In this specific case, we will use the interactive applet below to compute that with 95% confidence, the percent in the entire town who would have said "yes" is between 31.16% and 50.84%. Likewise, the percent in the entire town who would have said "no" is between 49.16% and 68.84%. I bet that's a lot larger than you might have first guessed.
Whenever you perform a survey to determine what percentage of some population is in favor or against some particular thing, or any question with a yes/no outcome, you should always compute the margin of error, and the 95% confidence interval, to be honest with your readership about polling error.
Many times these important calculations are not performed. I think that is because it is a multi-step computation, and that makes it both tedious and hard to remember. That's particularly the case for people who might only have need of doing this once every few years. Even I always look the formulas up before using them, just to make sure that I do not misremember one of them.
I have created the following tool to perform the calculation for you.
By the way, the 95% confidence interval is a bedrock of social science research, but many physical scientists prefer the 99.75% confidence interval. As it turns out, this just means replacing a "2" with a "3" in one of the formulas, so it isn't a large change mathematically. In our example above, we obtain 26.25% to 55.75% for "yes" and 44.25% to 73.75% for "no." There is only a 1 in 400 chance that the truth is outside of these intervals. (Using the 95% confidence interval, there is a 1 in 20 chance that the truth is outside of those intervals which we discussed earlier.)
As far as our conclusions, however, this is very informative. If we didn't perform these calculations, and only heard that 41 out of 100 said that they were in favor of Governor John Q. Public's re-election, then we would think that John Q. Public will surely lose. However, if you look in the data of the previous paragraph, you would not walk away with that conclusion.

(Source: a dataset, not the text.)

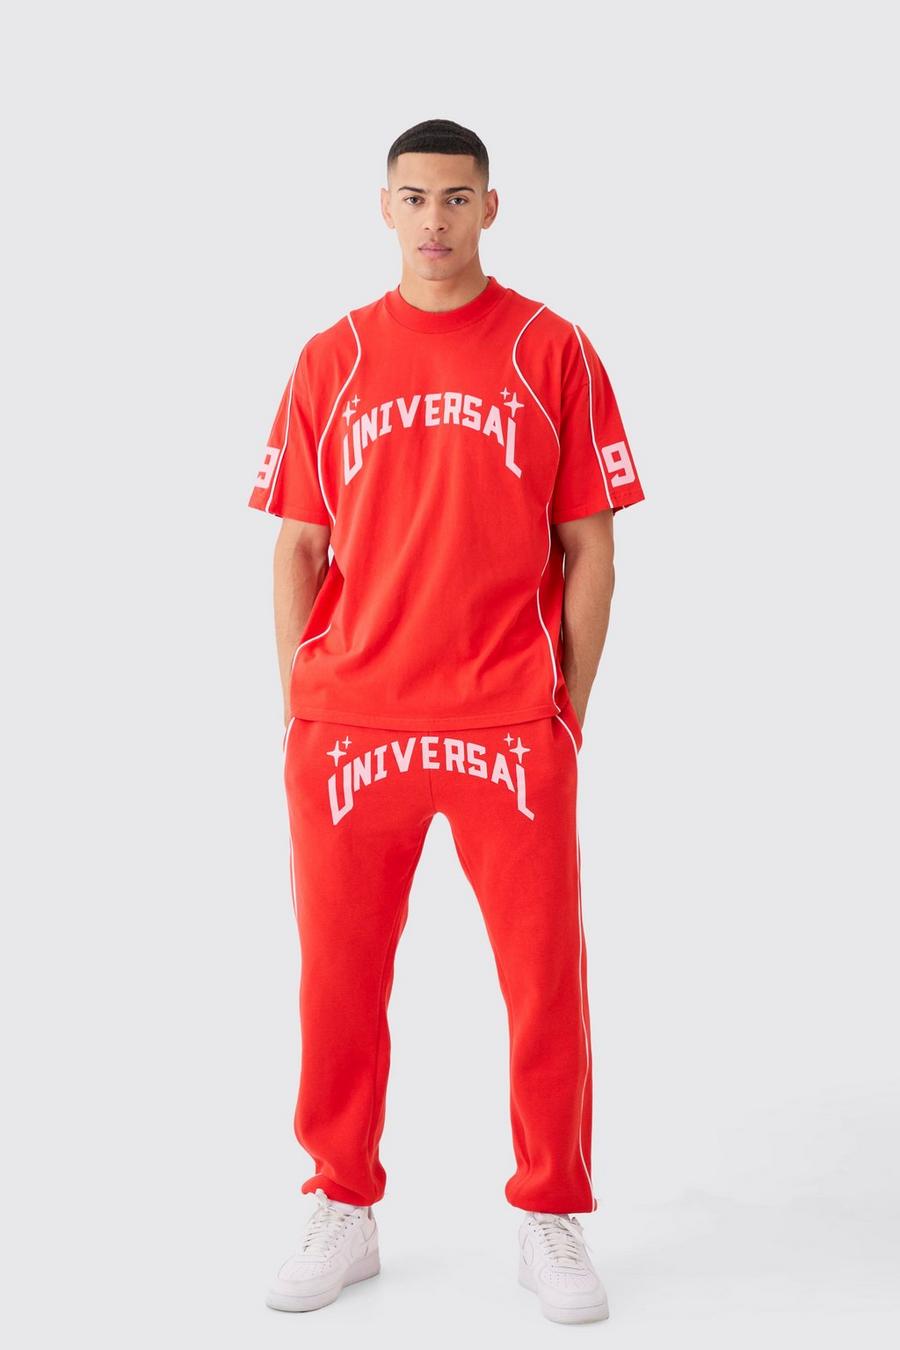 Pantalón deportivo y camiseta oversize con cuello extendido y estampado gráfico Universal, Red

We would see that it is quite possible that Governor John Q. Public commands a majority of the voters of this particular town.
Moreover, there is a danger that this data, if reported without confidence intervals, might result in some of Governor John Q. Public's opponents staying home and not voting on election day, thinking that he will surely lose. Of course, that increases his chances of winning.
The above margins of error take care of polling error. That's the possibility that by sheer happenstance, your sample had an extra large or extra small number of people who might say yes or no to your question. However, there are other forms of error which are not taken into account here.
Details will be posted later.
Details will be posted later.
Details will be posted later.
Details will be posted later.
Details will be posted later.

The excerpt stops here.